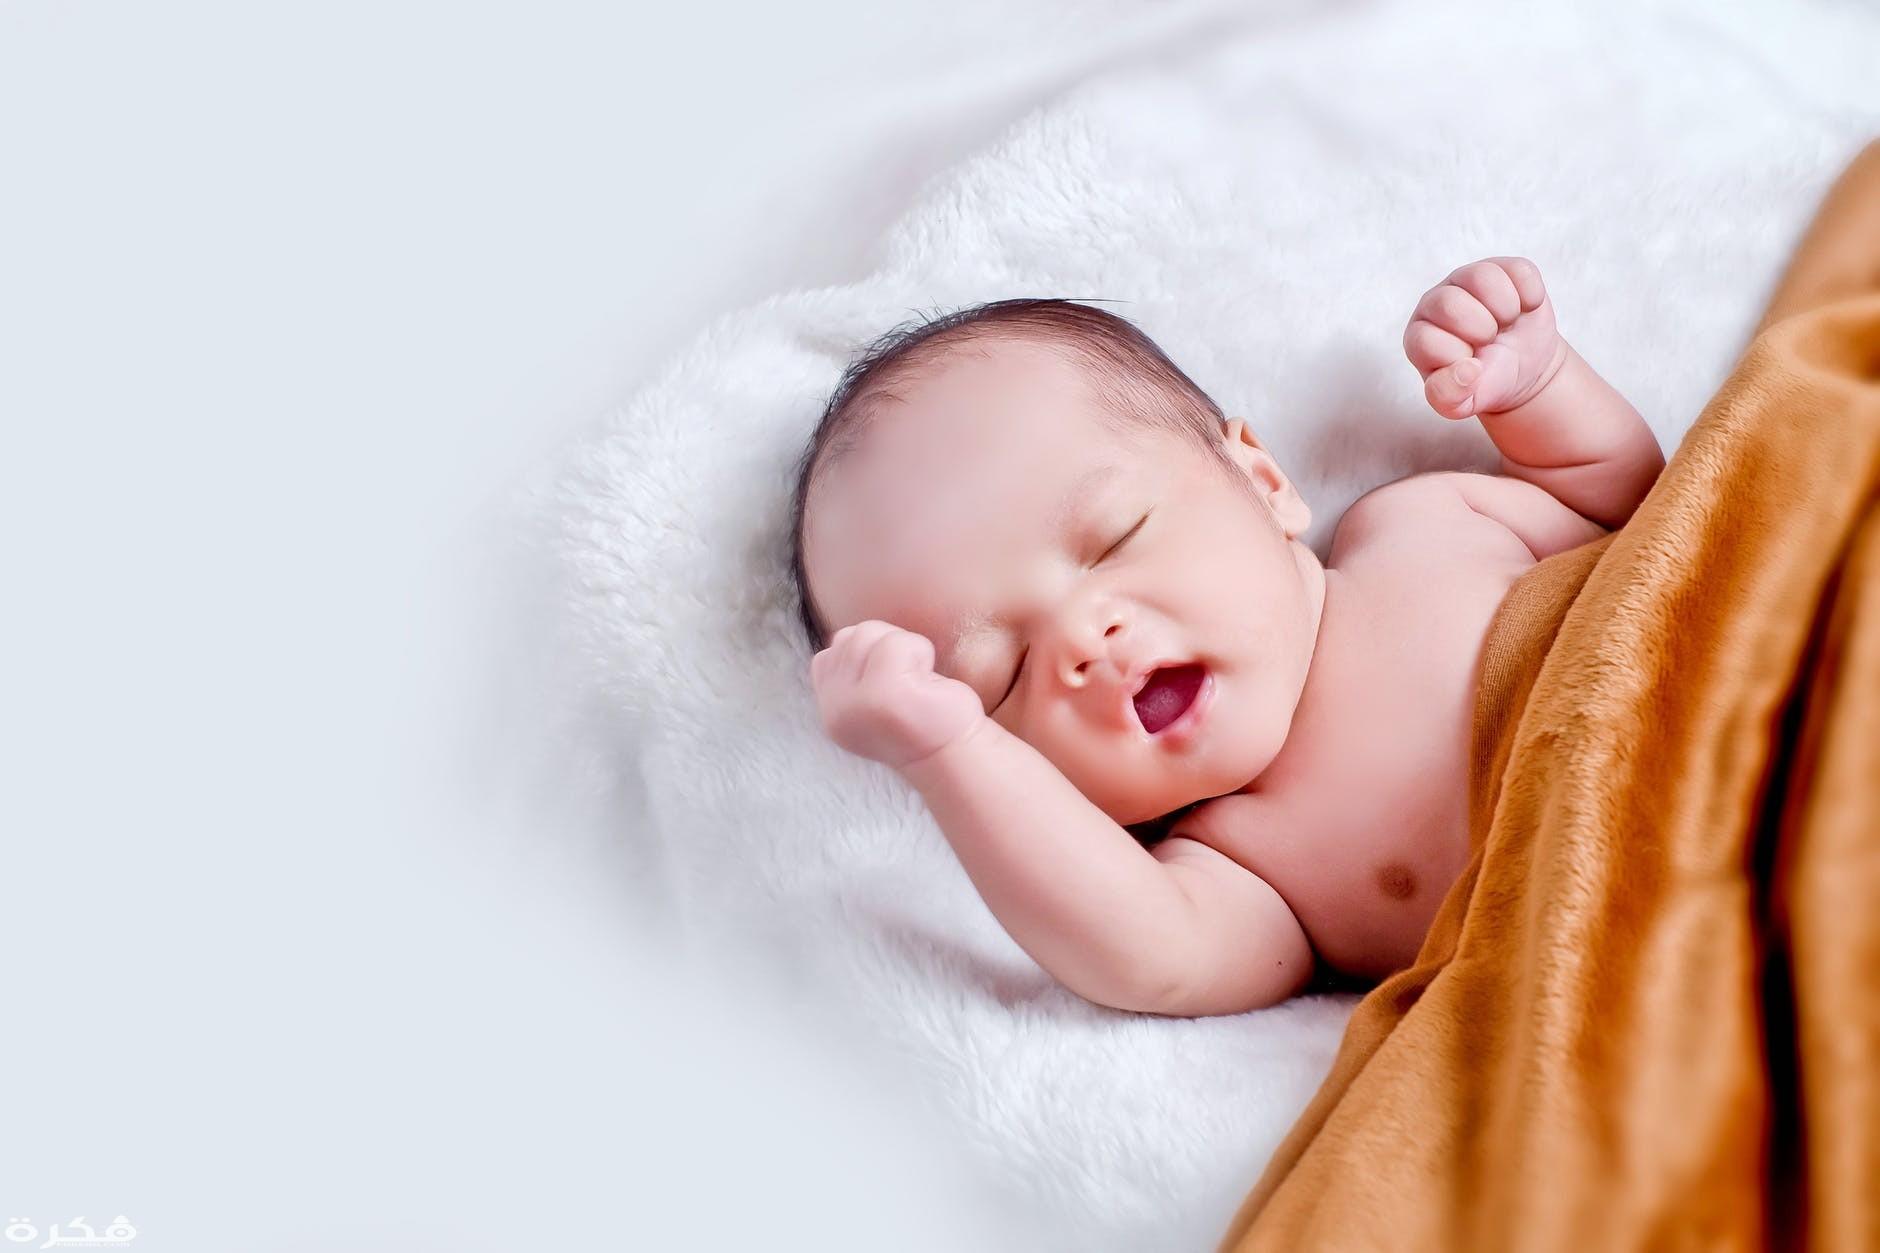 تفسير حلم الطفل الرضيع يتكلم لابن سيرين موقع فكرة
※ ※ ※
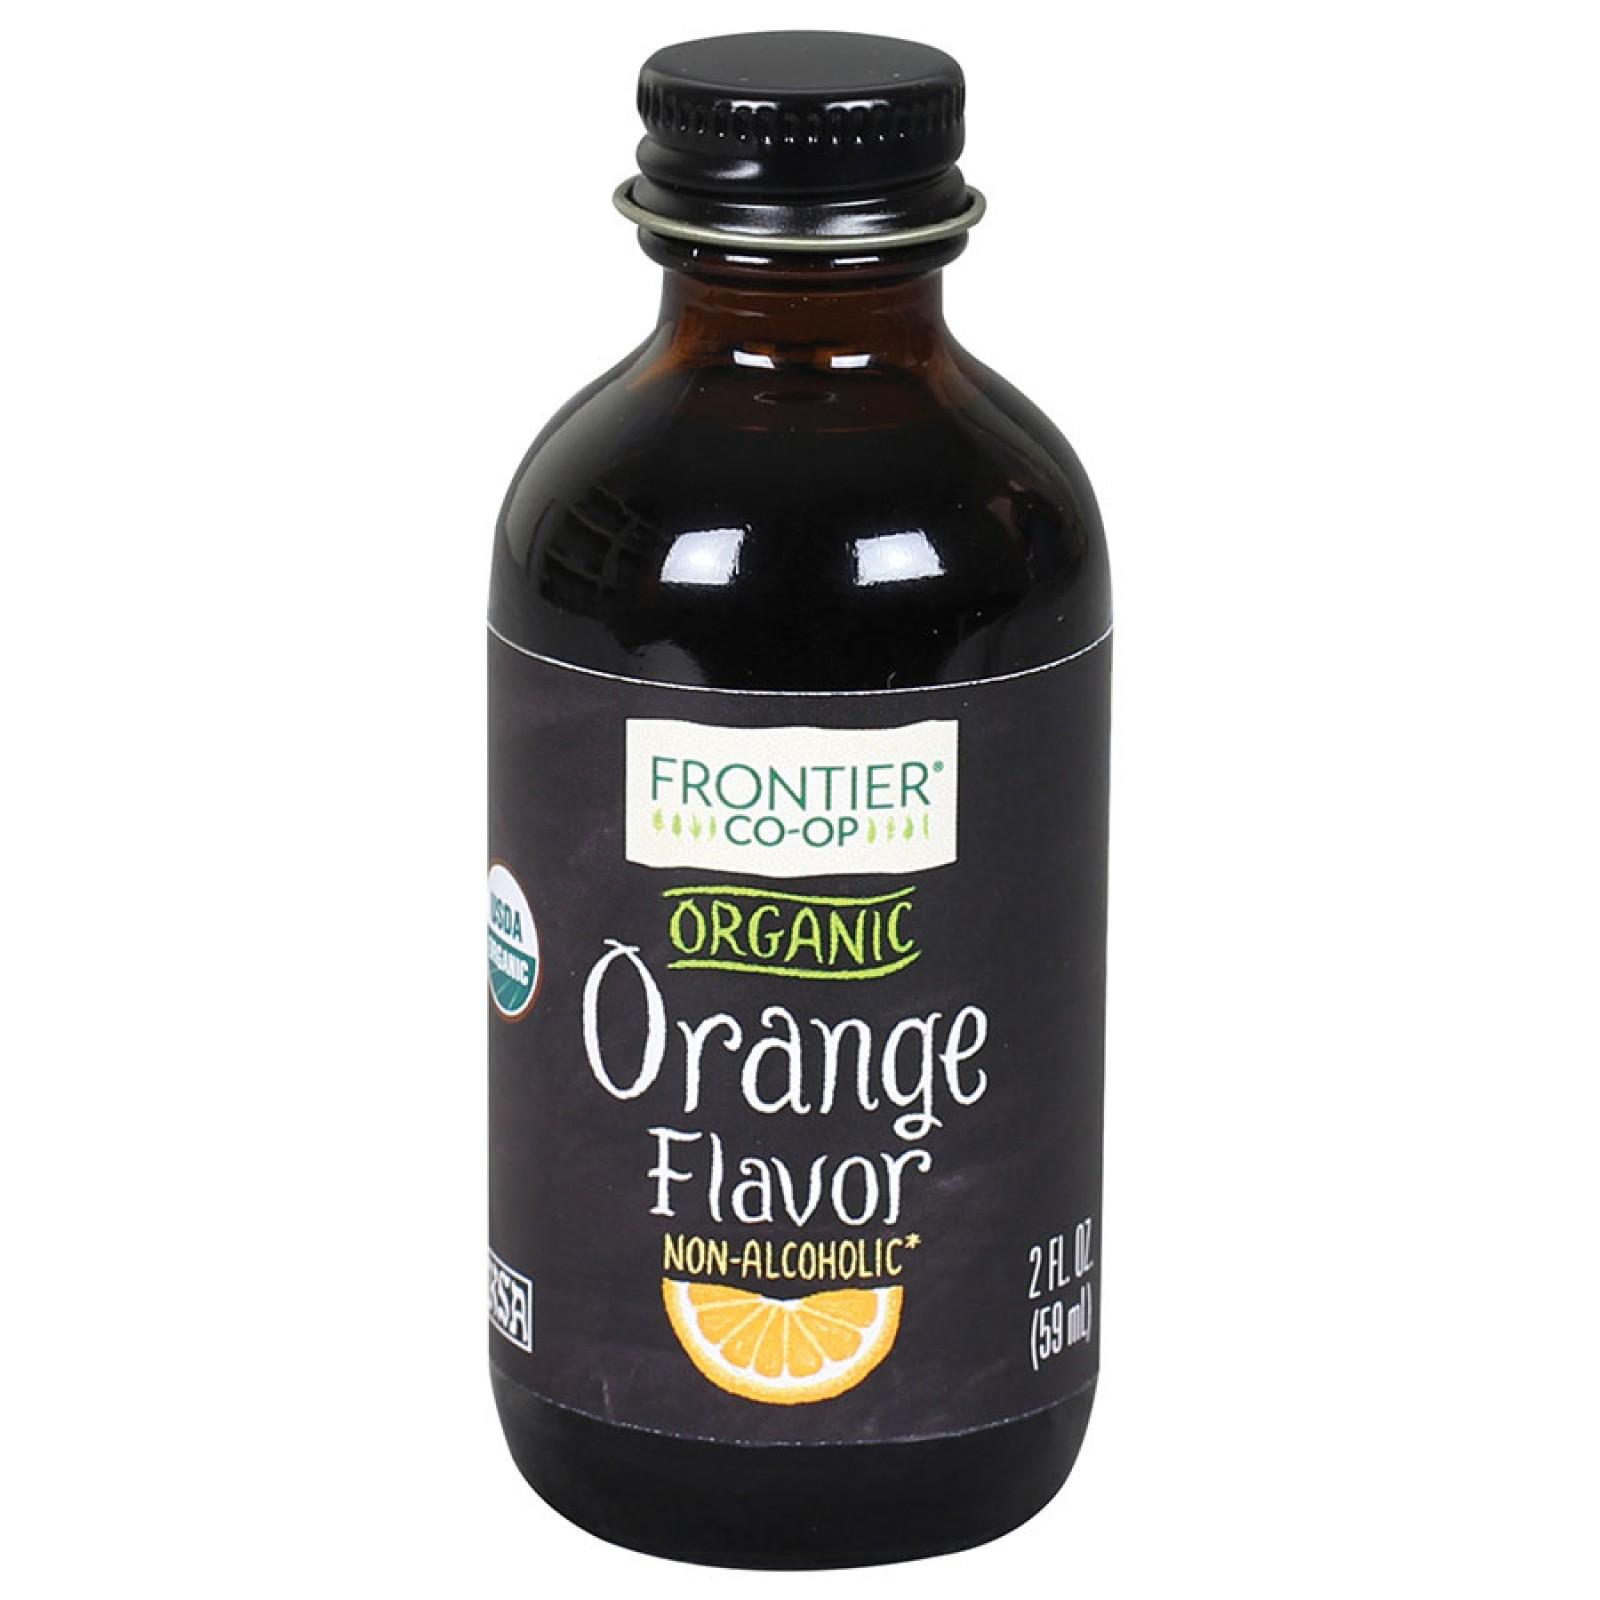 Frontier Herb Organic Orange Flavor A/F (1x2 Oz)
※ ※ ※
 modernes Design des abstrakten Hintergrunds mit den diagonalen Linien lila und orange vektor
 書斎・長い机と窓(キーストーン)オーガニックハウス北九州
※ ※ ※
## Requirement
Only the lines above starting at the one containing "modernes Design des" and ending at the one containing "書斎・長い机と窓(キーストーン)オーガニックハウス北九州", both included, are to be returned, exactly as they read.

## Your response
 modernes Design des abstrakten Hintergrunds mit den diagonalen Linien lila und orange vektor
 書斎・長い机と窓(キーストーン)オーガニックハウス北九州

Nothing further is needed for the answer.